> [Work to be completed]
Would you please retype, exactly, the lines of the listing below between the line with "travelsmith_logo" and the line with "Israël: record de", inclusive?

Supplied data Start Marker

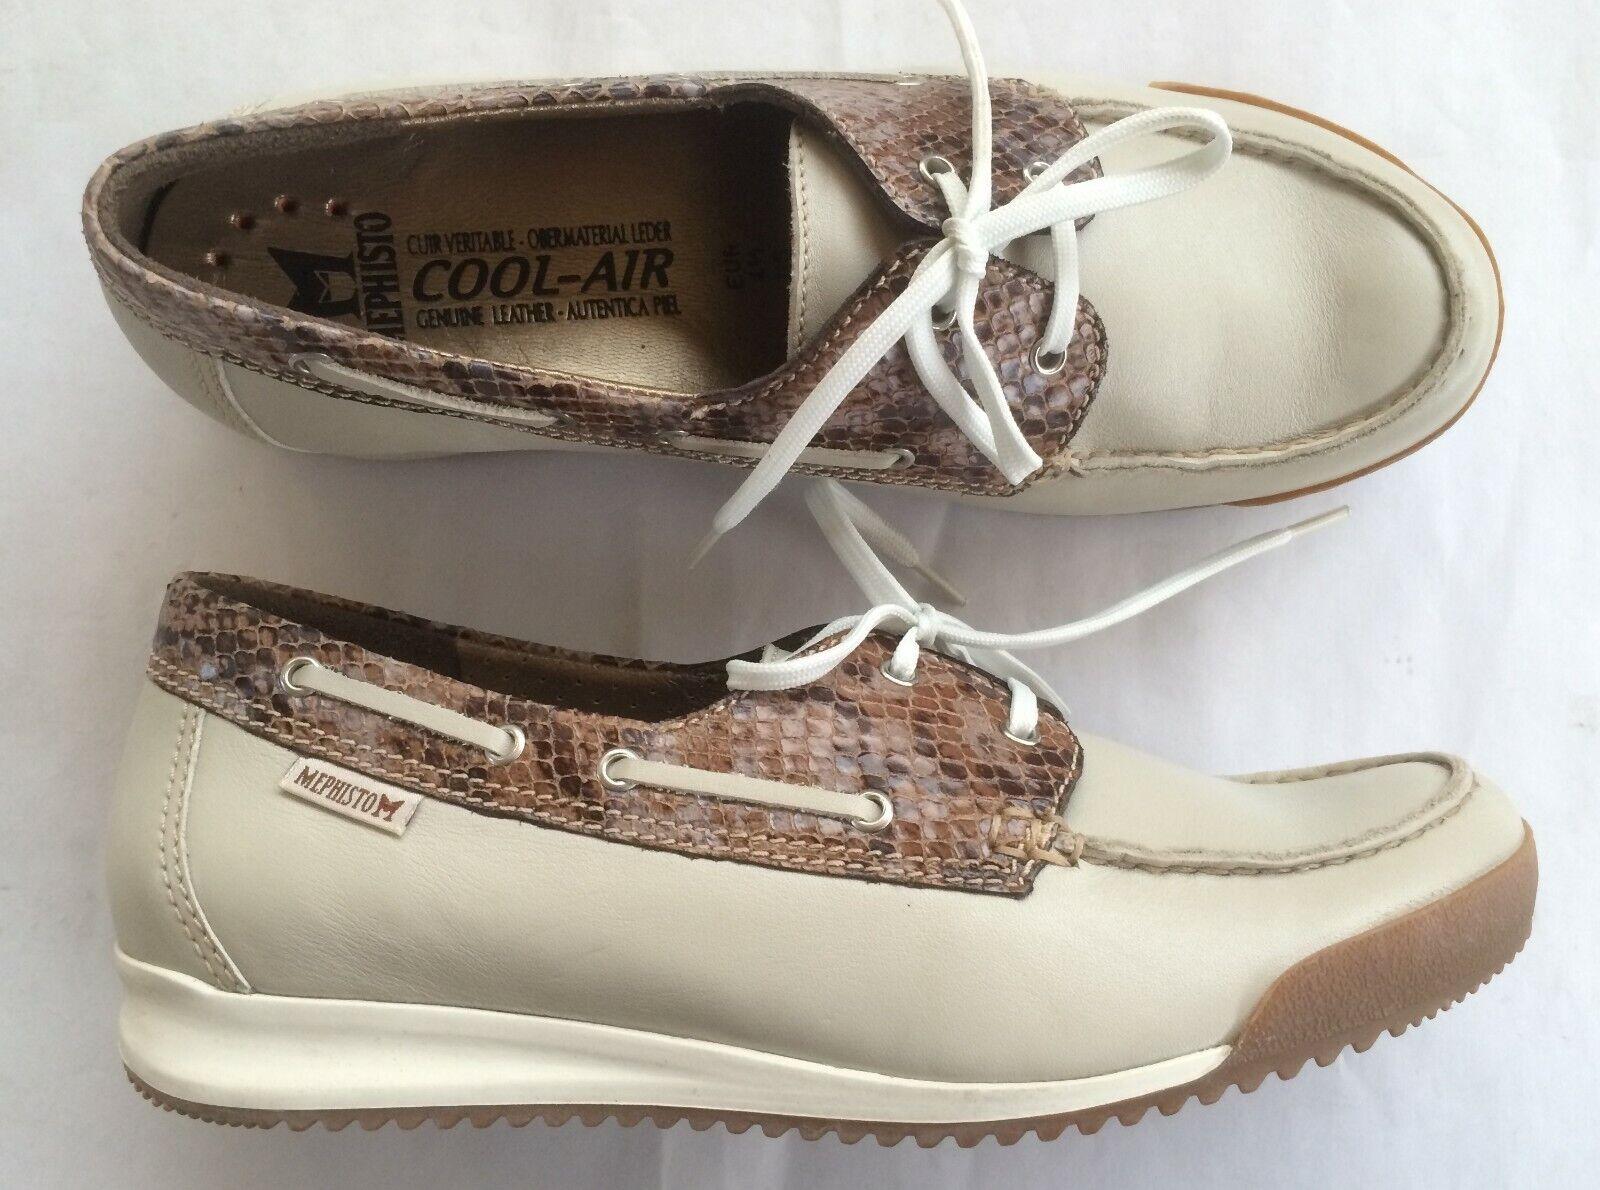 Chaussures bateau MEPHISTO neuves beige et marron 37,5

Supplied data End Marker
Supplied data Start Marker

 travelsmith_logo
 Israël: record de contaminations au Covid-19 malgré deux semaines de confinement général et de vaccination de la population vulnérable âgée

Supplied data End Marker

> [Answer box]
 travelsmith_logo
 Israël: record de contaminations au Covid-19 malgré deux semaines de confinement général et de vaccination de la population vulnérable âgée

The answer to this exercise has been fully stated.